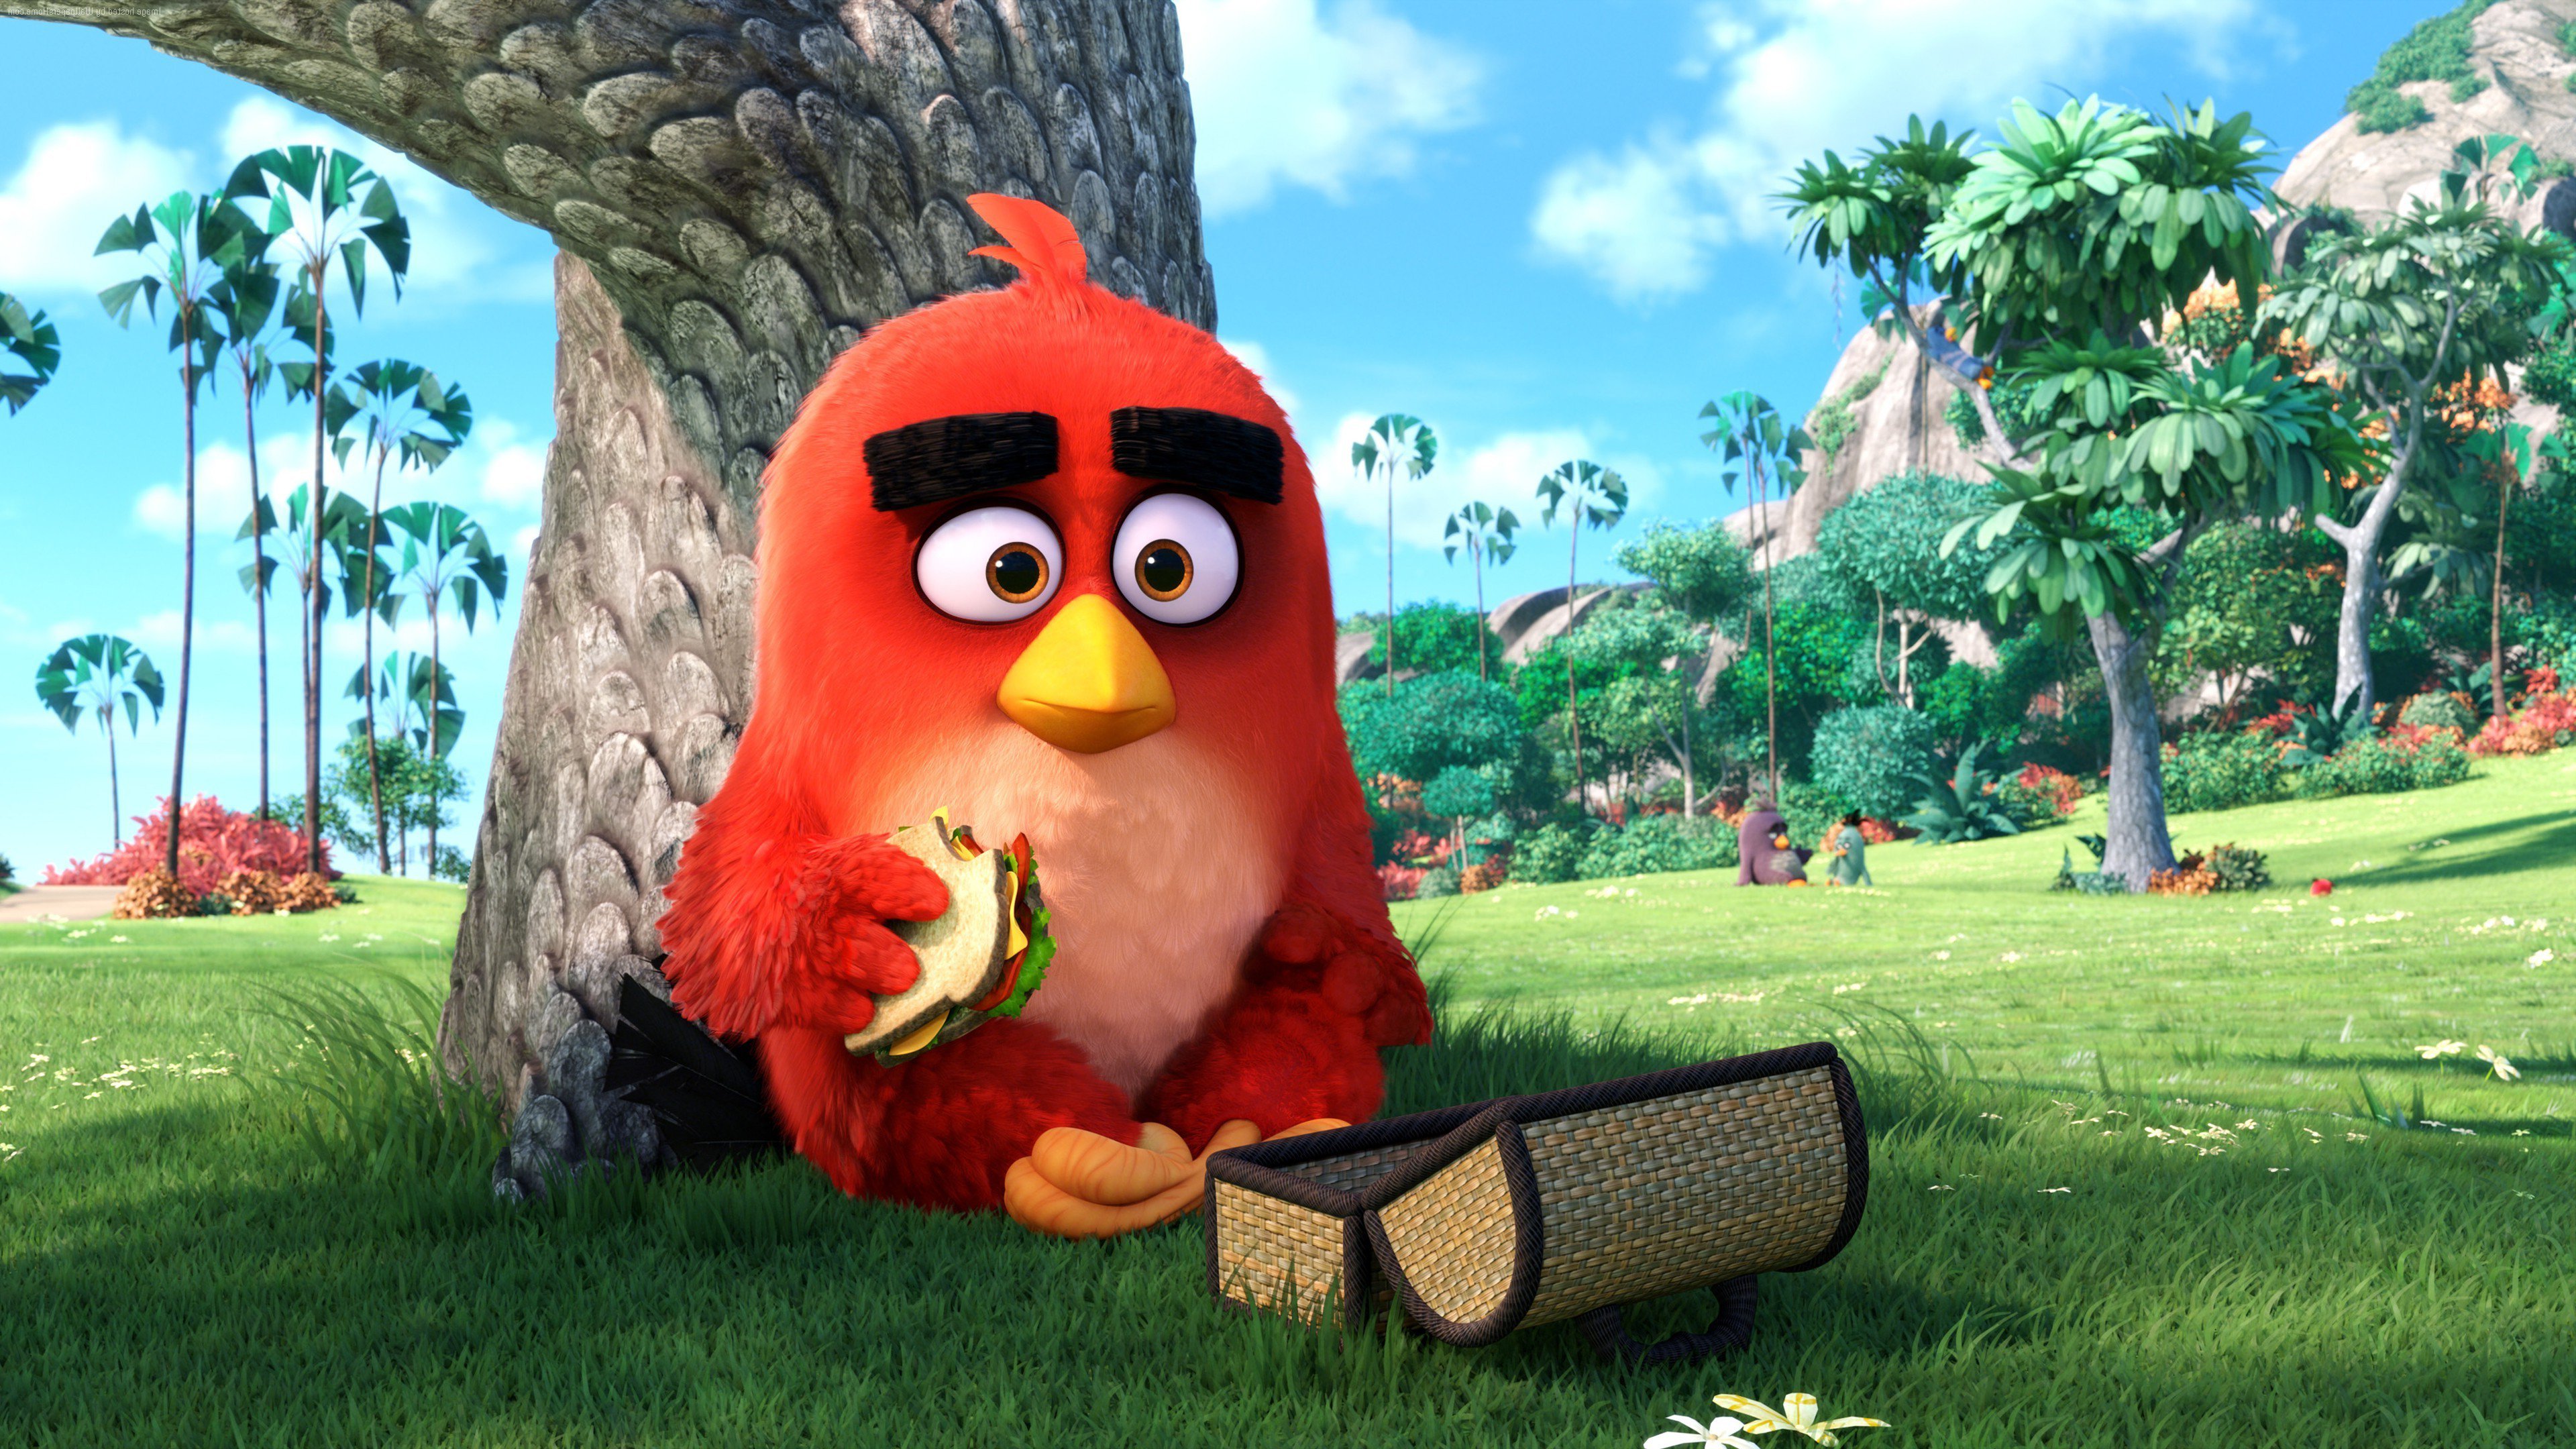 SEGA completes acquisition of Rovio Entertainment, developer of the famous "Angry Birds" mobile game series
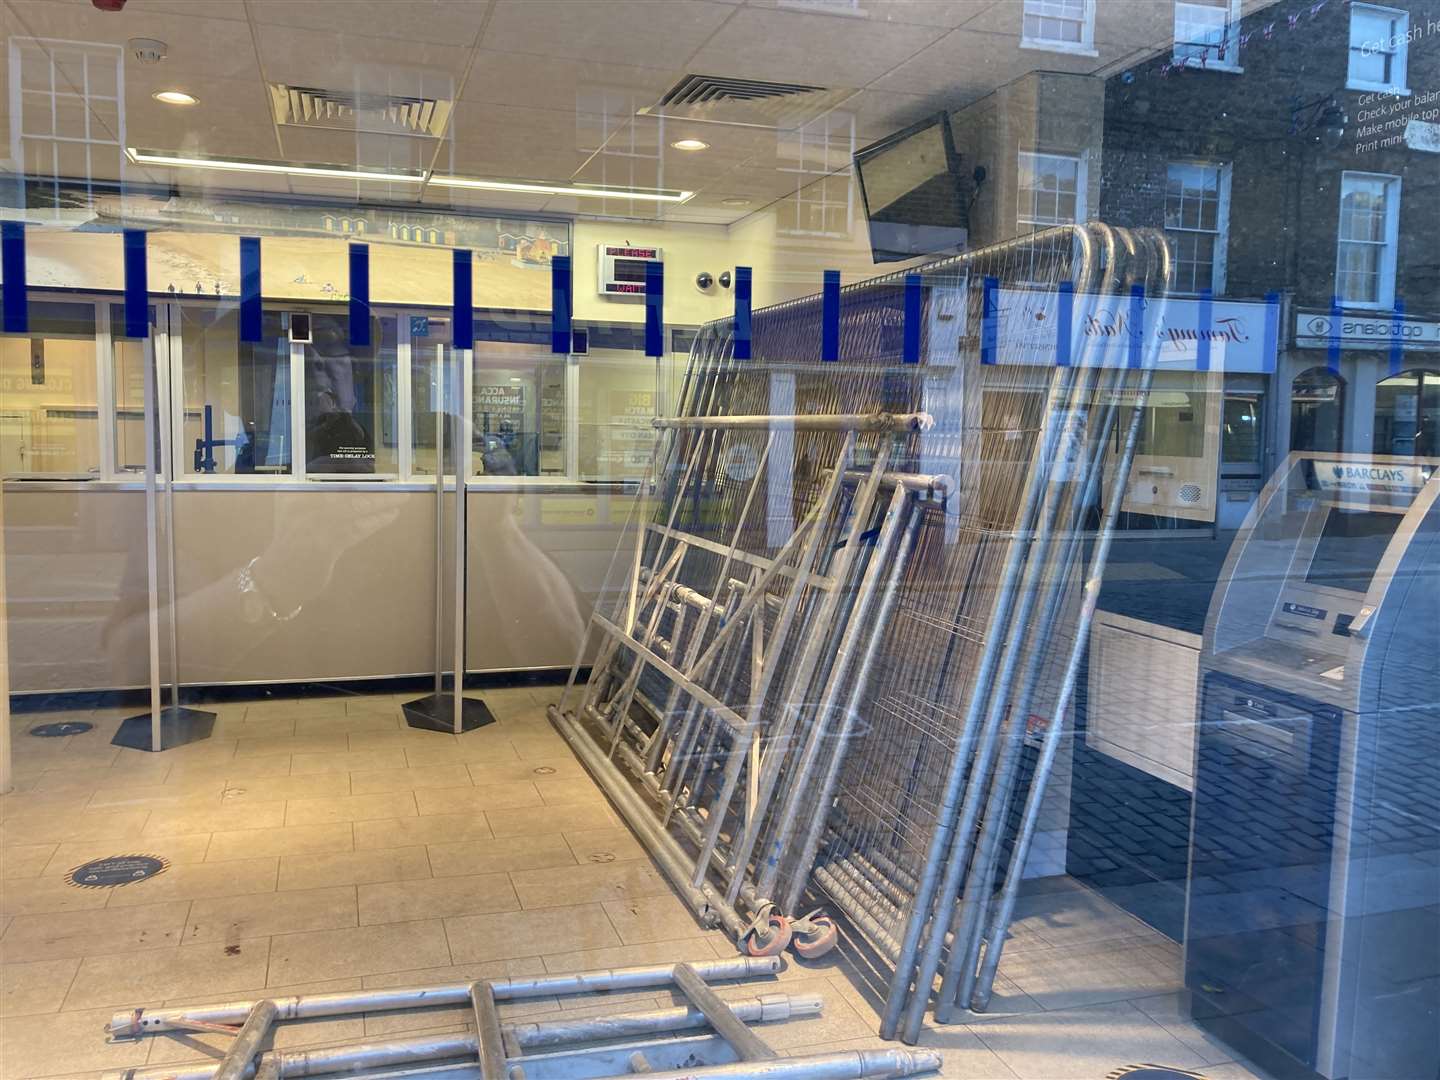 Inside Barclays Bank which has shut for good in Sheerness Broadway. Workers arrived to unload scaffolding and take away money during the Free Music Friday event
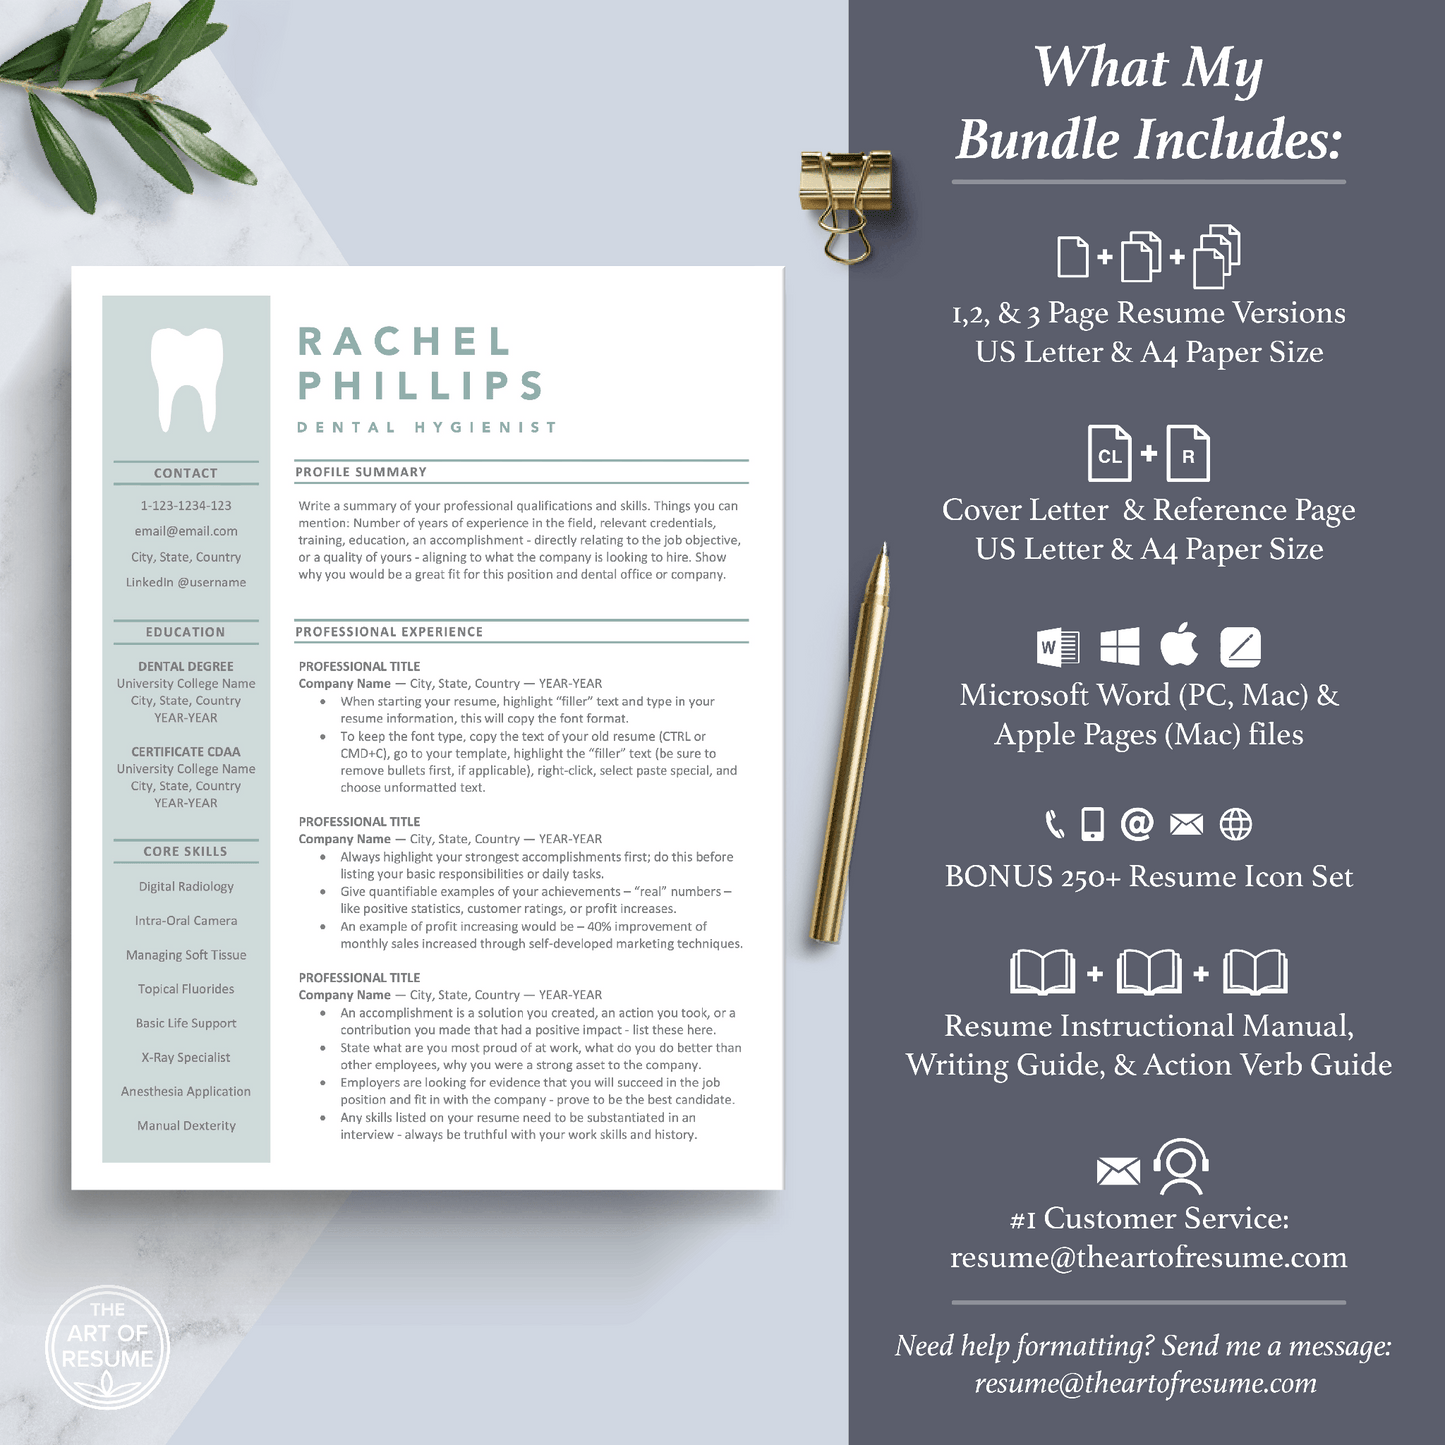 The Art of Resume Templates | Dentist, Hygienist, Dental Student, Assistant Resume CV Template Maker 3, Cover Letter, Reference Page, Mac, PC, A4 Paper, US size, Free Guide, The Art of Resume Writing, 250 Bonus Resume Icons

------

EXERCISE AIM | Transcribe, without alteration, each line from the one with "Inside Barclays Bank" through the last line of the data; no pictures belong in the copy.

EXERCISE RESULT |
 Inside Barclays Bank which has shut for good in Sheerness Broadway. Workers arrived to unload scaffolding and take away money during the Free Music Friday event
 The Art of Resume Templates | Dentist, Hygienist, Dental Student, Assistant Resume CV Template Maker 3, Cover Letter, Reference Page, Mac, PC, A4 Paper, US size, Free Guide, The Art of Resume Writing, 250 Bonus Resume Icons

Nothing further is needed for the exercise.